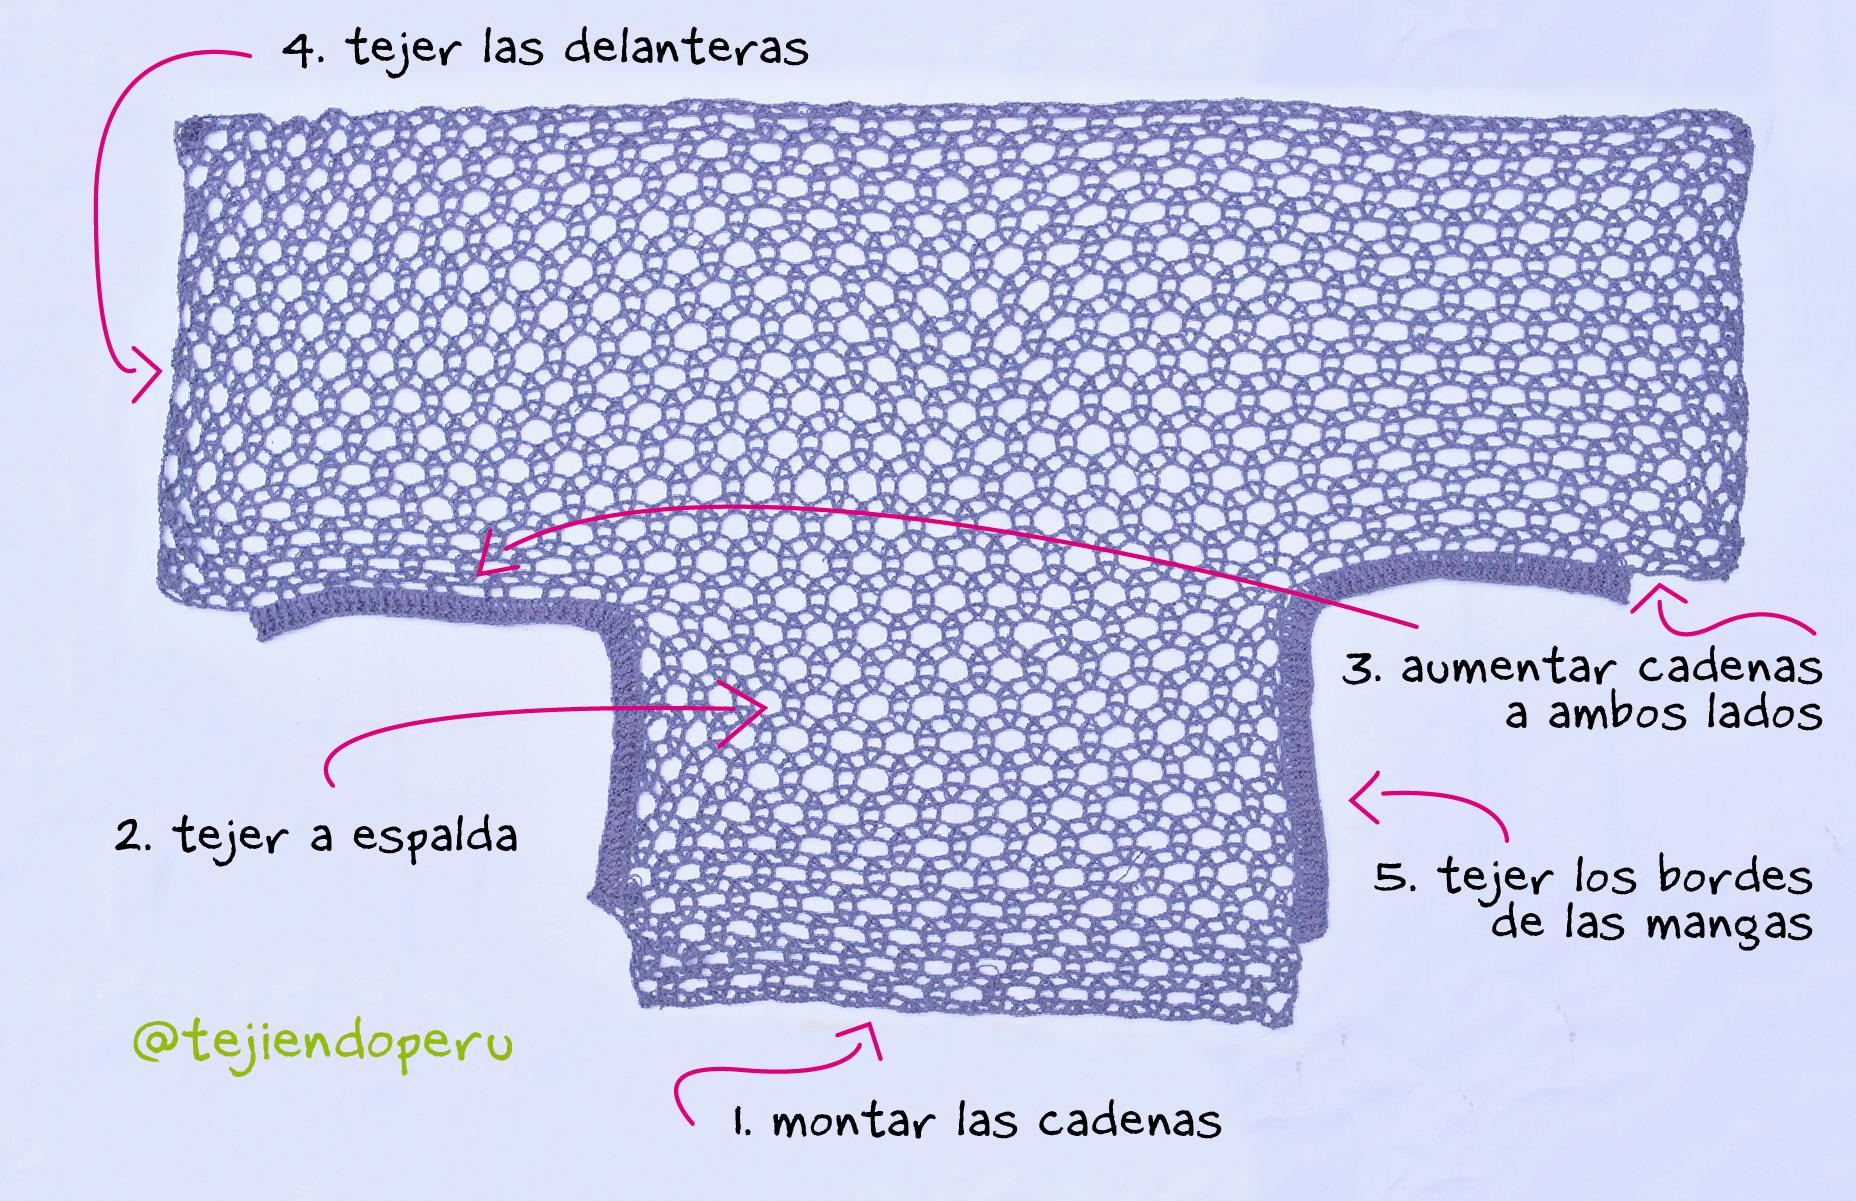 Poncho con mangas en tejido recto a crochet  Tejiendo Per
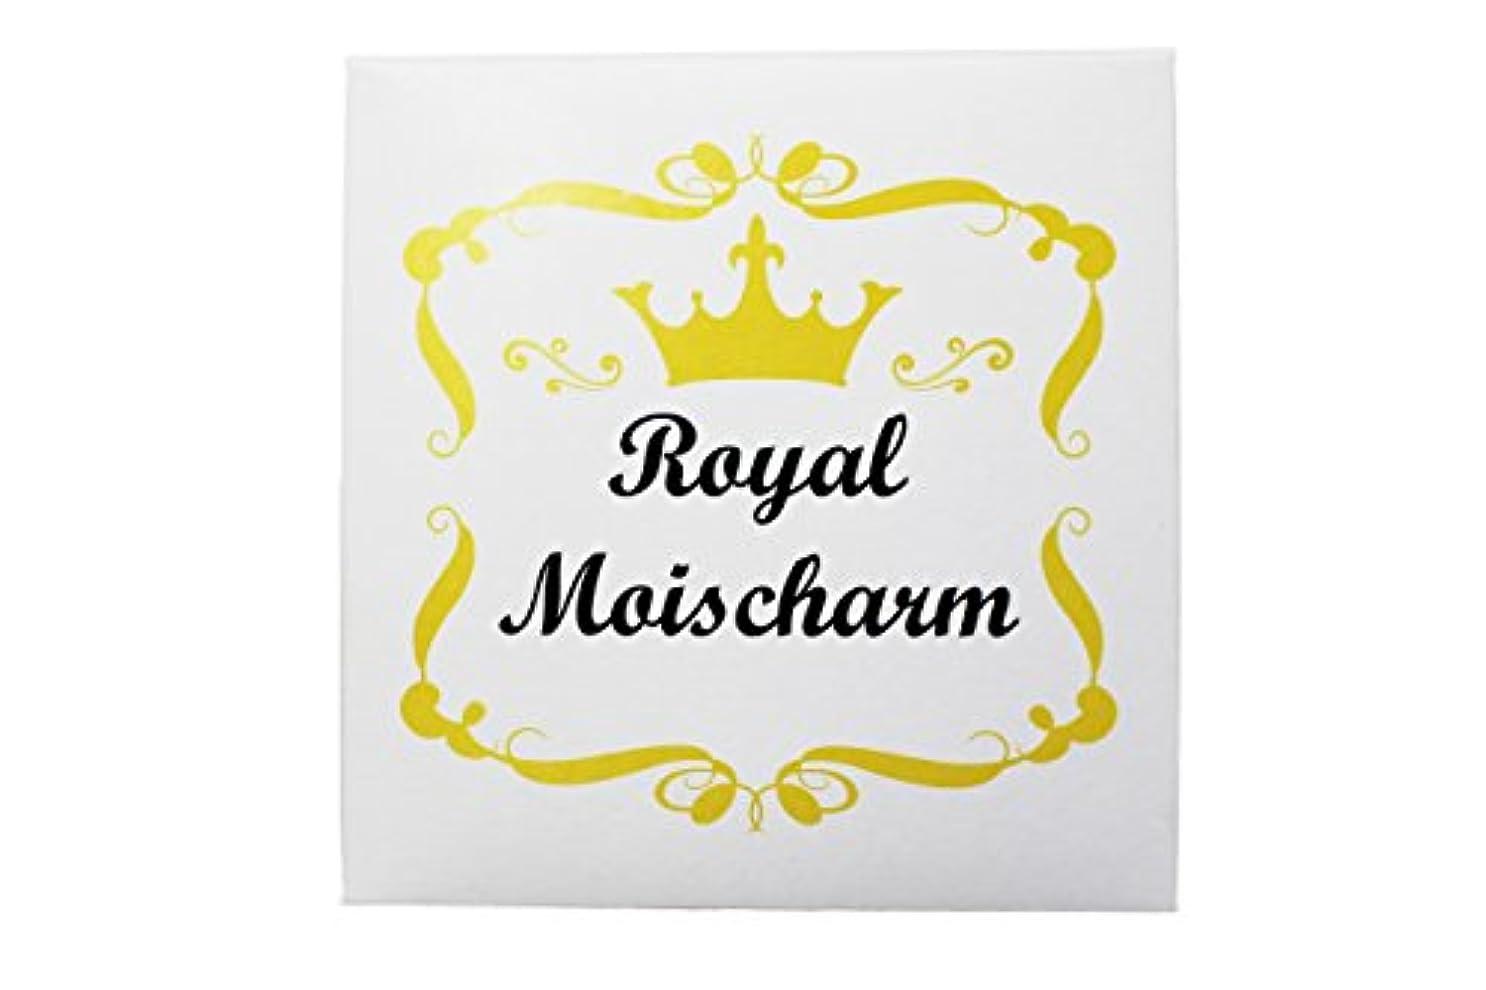 設計図自分の力ですべてをする衝突するロイヤルモイスチャーム Royal Moischarm [美白 石鹸]
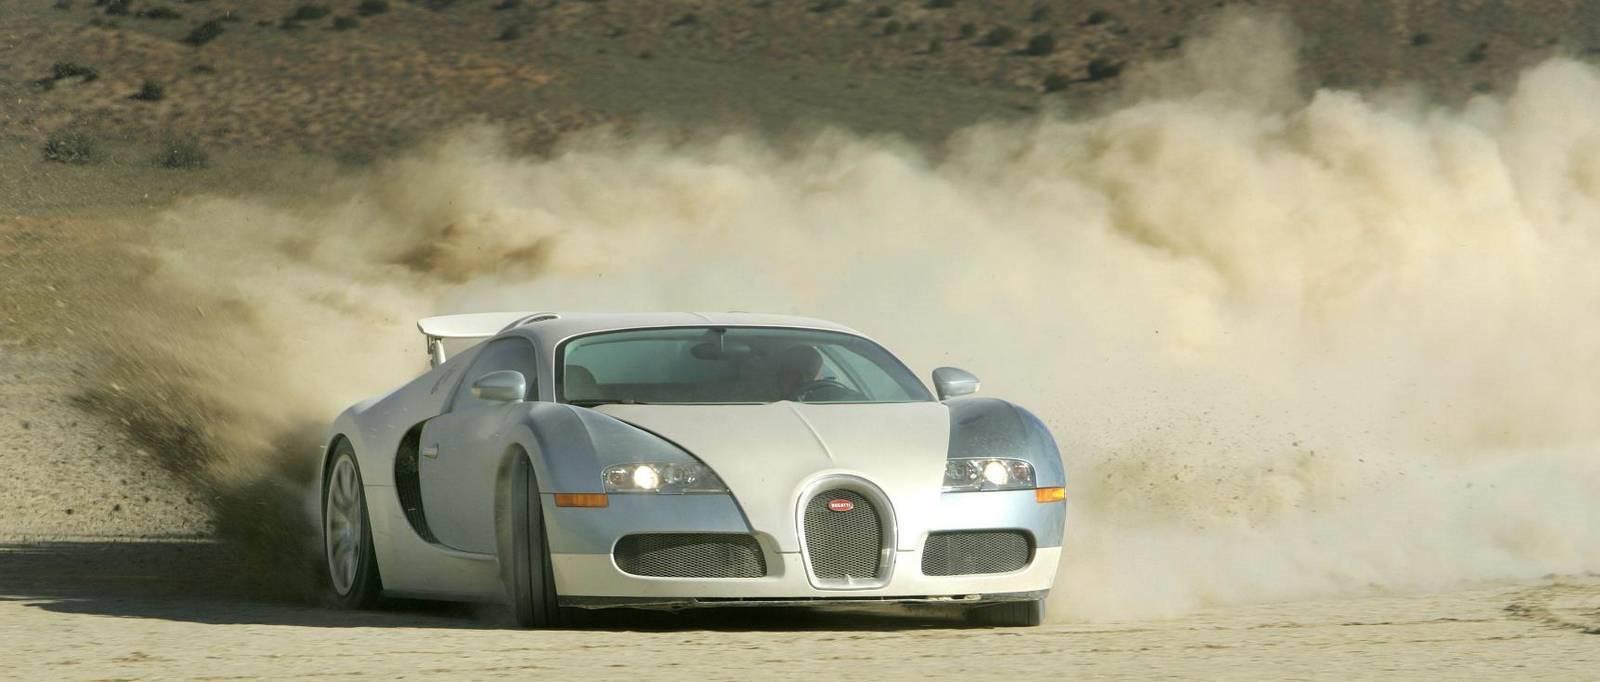 des-voitures-plus-rapides-et-a-la-silhouette-plus-agressive-q-une-formule-1-regardez-ceci-684-2.jpg

_ _ _ _ _

### Exercise description:
Transcribe the preceding listing in its entirety and with exact wording, leaving out pictures.

### Answer box:
 Poncho con mangas en tejido recto a crochet  Tejiendo Per
 設計図自分の力ですべてをする衝突するロイヤルモイスチャーム Royal Moischarm [美白 石鹸]
 des-voitures-plus-rapides-et-a-la-silhouette-plus-agressive-q-une-formule-1-regardez-ceci-684-2.jpg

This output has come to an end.